CLOSETS AND CUPBOARDS  My discussion of "skeleton in the cupboard / 
closet" last time led, as I expected, to numerous messages about the 
scope and meaning of these words in American and British English. 

British English doesn't much use "closet" as a noun, though the verb 
has currency. "Water closet" for toilet, lavatory or loo is archaic 
(though John Neave recalled that "My grandmother was a Londoner born 
and bred. To her, a cupboard was a cupboard, but The Closet was the 
lavatory"). Our closets are figurative. We've borrowed the American 
phrase "to come out of the closet", though we couldn't imagine being 
in one to start with ("coming out of the cupboard" doesn't have the 
same portentous connotations.) We also have "closet racists" and 
other closeted types with skeletons in their cupboards.

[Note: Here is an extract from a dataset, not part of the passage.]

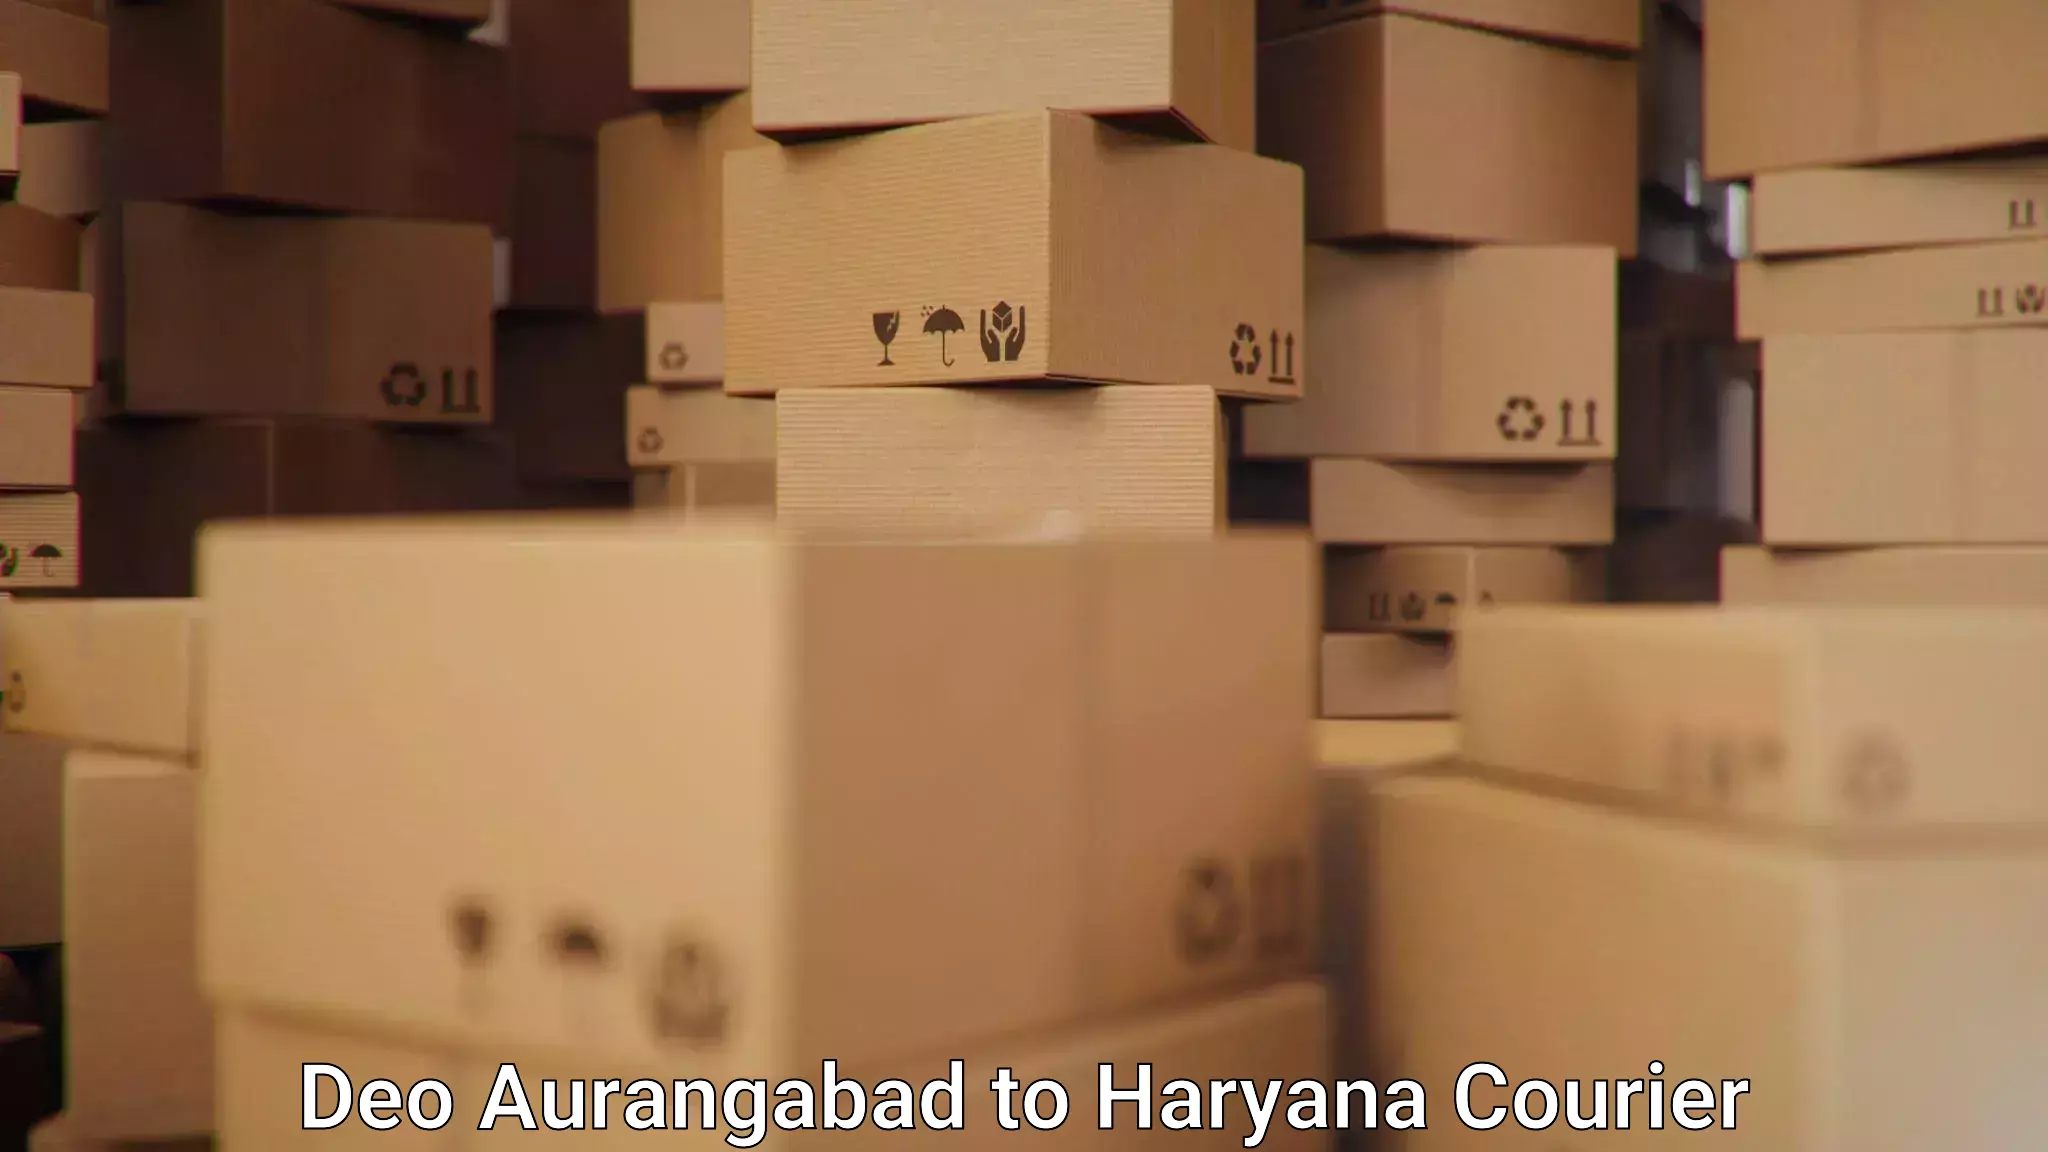 24-hour courier service Deo Aurangabad to Bhuna

My understanding is that American cupboards always hang on walls, as 
British ones can also do. As Richard Bos argued, "cupboard implies 
shelves, and therefore not much room for a skeleton, while a closet 
implies standing, or at least hanging room". Paul Witheridge noted 
in similar vein, "To fit in a North American cupboard, the skeleton 
would have to be the remains of a small animal". We Brits prefer 
"cabinet" for these, as in "kitchen cabinet" or "bathroom cabinet" 
(though the former is less used than it once was, perhaps because it 
reminds older Brits of the punning "kitchen cabinet" for the private 
and informal group of advisors around the British PM Harold Wilson, 
though that's originally American of the early nineteenth century). 
British cupboards are often also tall floor-standing storage spaces. 
Sometimes they're built in, but they're still cupboards.

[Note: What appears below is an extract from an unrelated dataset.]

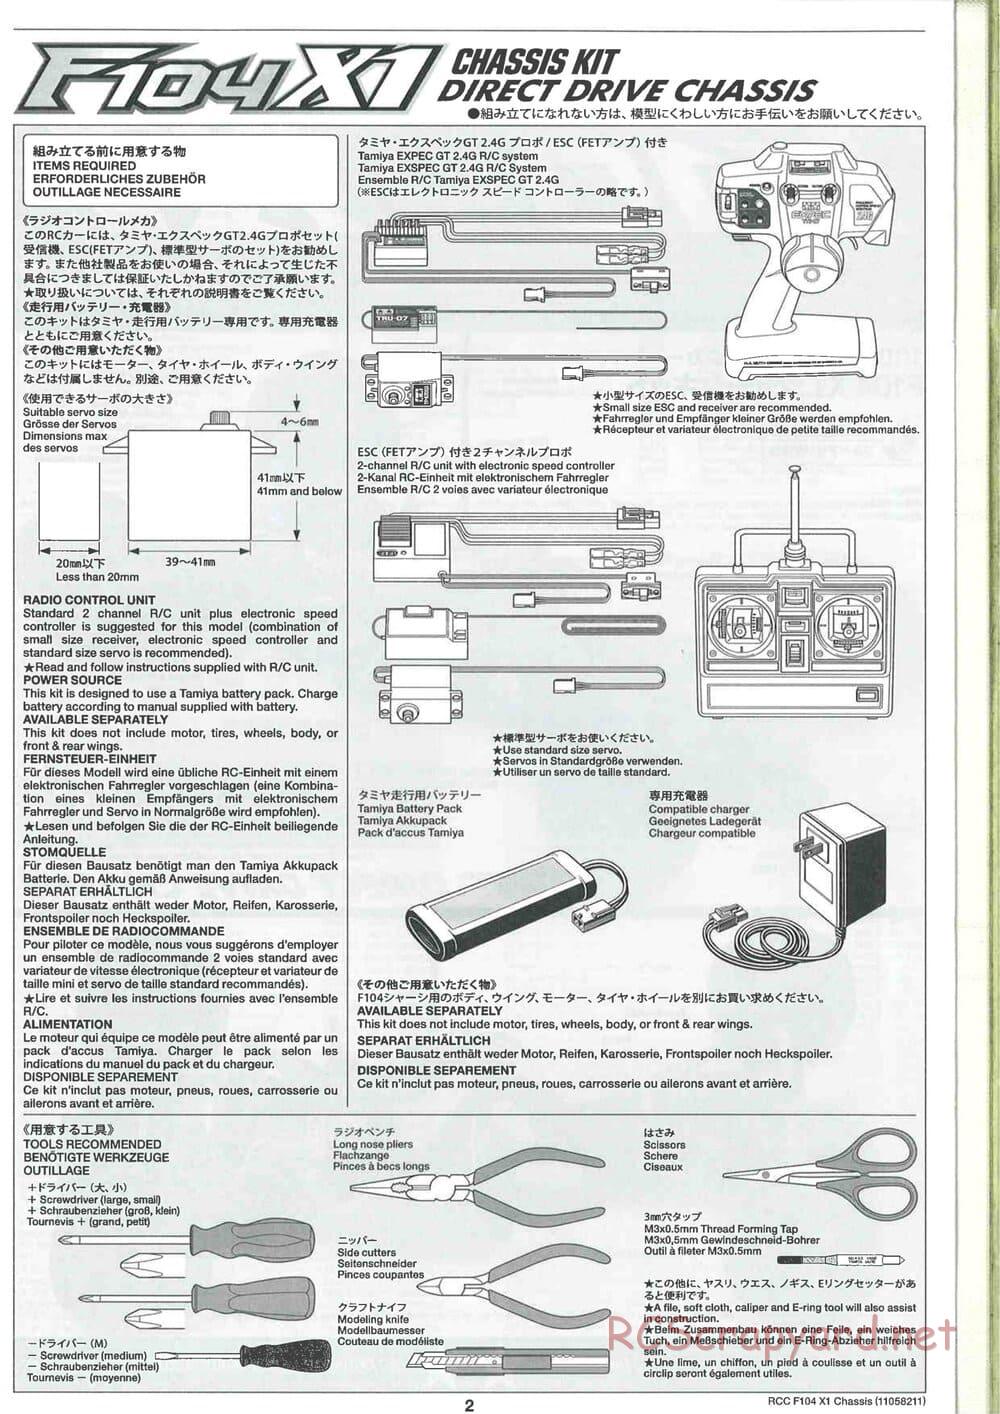 Tamiya - F104X1 Chassis - Manual - Page 2

Bill Wallace wrote pithily, "You keep your clothes in a cupboard?" 
To which I replied equally briefly, "No. Mine are in a wardrobe", a 
large free-standing cupboard with specialist fittings, a feature and 
a word that's less common in the US, I believe. But that led me to 
think about the room off our bedroom, just large enough to insert 
one's body into, which the architect no doubt intended for clothes 
but which we use for miscellaneous storage because we already have 
two wardrobes. Though uncommon in Britain such little rooms are, I'm 
told, standard in American bedrooms and are always called closets. 
We call ours a cupboard. Even if we used it for clothes, I still 
wouldn't call it a closet, because that word isn't in my idiolect. 
How would I describe it in that case? I'm not sure. The architect 
probably labelled it "built-in wardrobe" though that would surely be 
a pretentious title for a space of its paltry dimensions.

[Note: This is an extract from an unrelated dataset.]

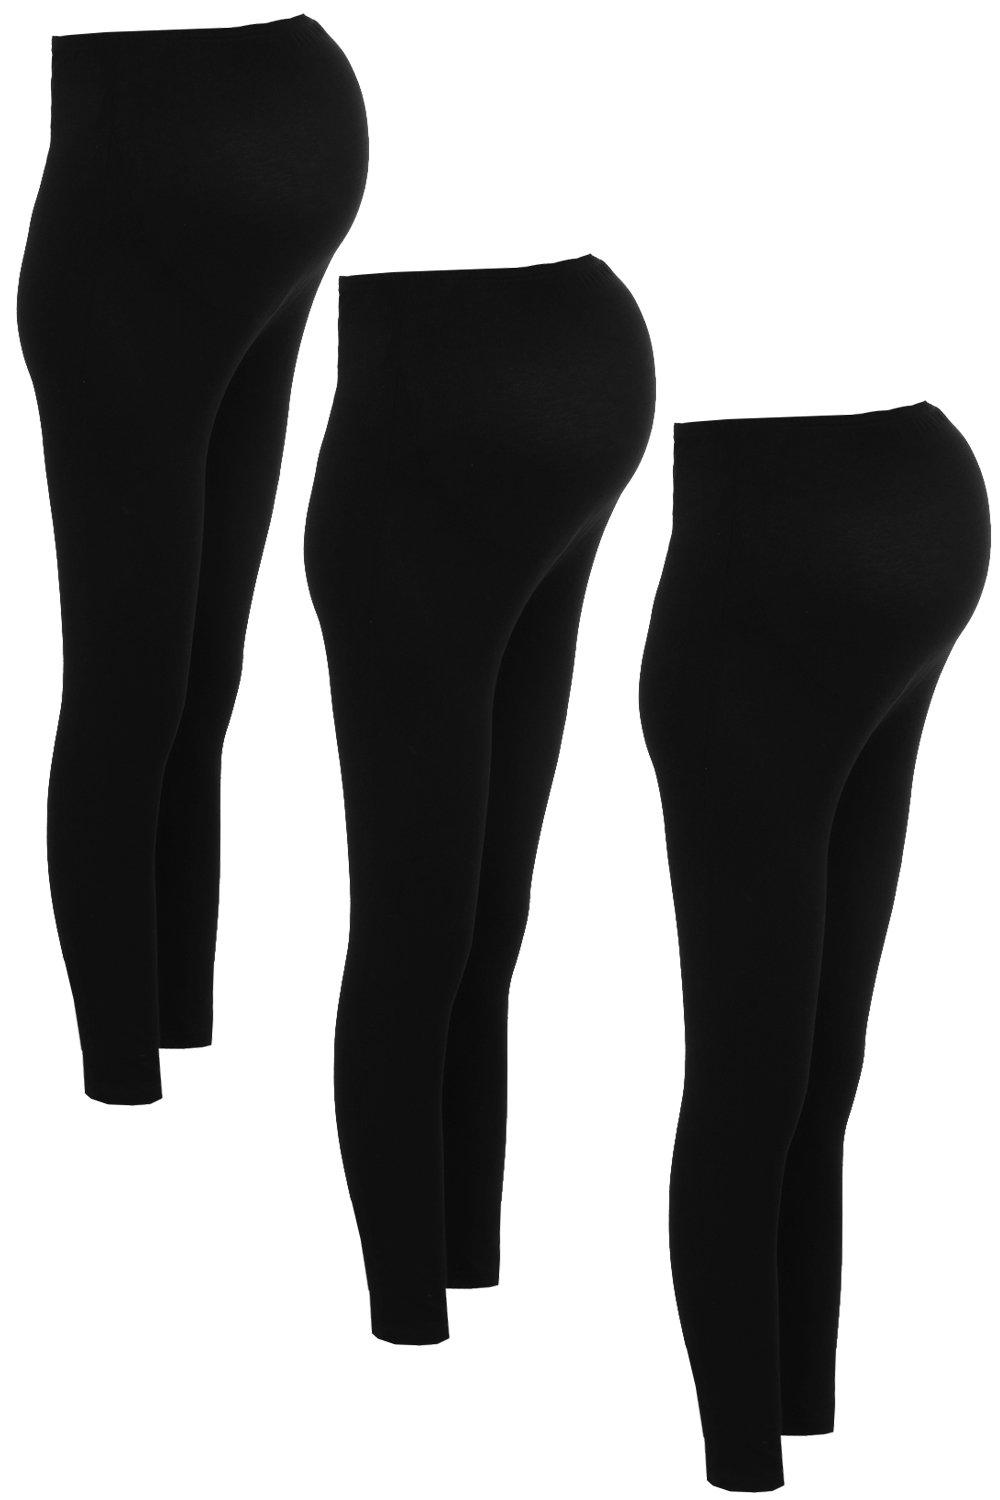 https://media.boohoo.com/i/boohoo/bzz48410_black_xl_2/female-black-maternity-3-pack-over-the-bump-leggings

Gordon Rich emailed: "I am reminded of the comment from the Irish 
lady who was confronted with a skeleton in her cupboard; she said 
'There he is; all-Ireland hide-and-seek champion.'" Marty Ryerson, a 
reader from the US, commented: "When I was a young lad, my mother 
explained that a cupboard was for cups, a closet was for clothes, a 
pantry was for pans, and a larder was for lard. We had a closet 
where we kept canned goods. So, being the youngest in a family of 
smart-alecks, I asked if this was known as a cantry. This term ever 
afterward became the family's name for that storage space."

JABBERWOCKY  Readers pointed out the many translations of Carroll's 
famous poem into other languages. My favourite is the German version 
that I came across in Martin Gardner's The Annotated Alice. It's by 
Robert Scott (one half of Liddell and Scott, authors of the famous 
Greek-English Lexicon, Henry Liddell being the father of the famous 
Alice; his surname, by the way, is pronounced "liddle", as is shown 
by a rhyme of the time: "I am the Dean and this is Mrs Liddell, / 
She plays the first, and I the second fiddle"). The German version 
was published in 1872 in an article in Macmillan's Magazine whose 
title was The Jabberwock Traced to Its True Source. It claimed to 
demonstrate that the poem was actually an English translation of an 
old German ballad. Scott published it under the pseudonym Thomas 
Chatterton, a nod to the knowledgeable because Chatterton had been 
the famous forger of mock-medieval ballads the previous century. It 
begins:

    Es brillig war. Die schlichte Toven 
    Wirrten und wimmelten in Waben; 
    Und aller-mümsige Burggoven 
    Die mohmen Räth' ausgraben.

Though it sounds wonderfully Teutonic read aloud, it is, of course, 
thoroughly bad German and quite unintelligible to native speakers.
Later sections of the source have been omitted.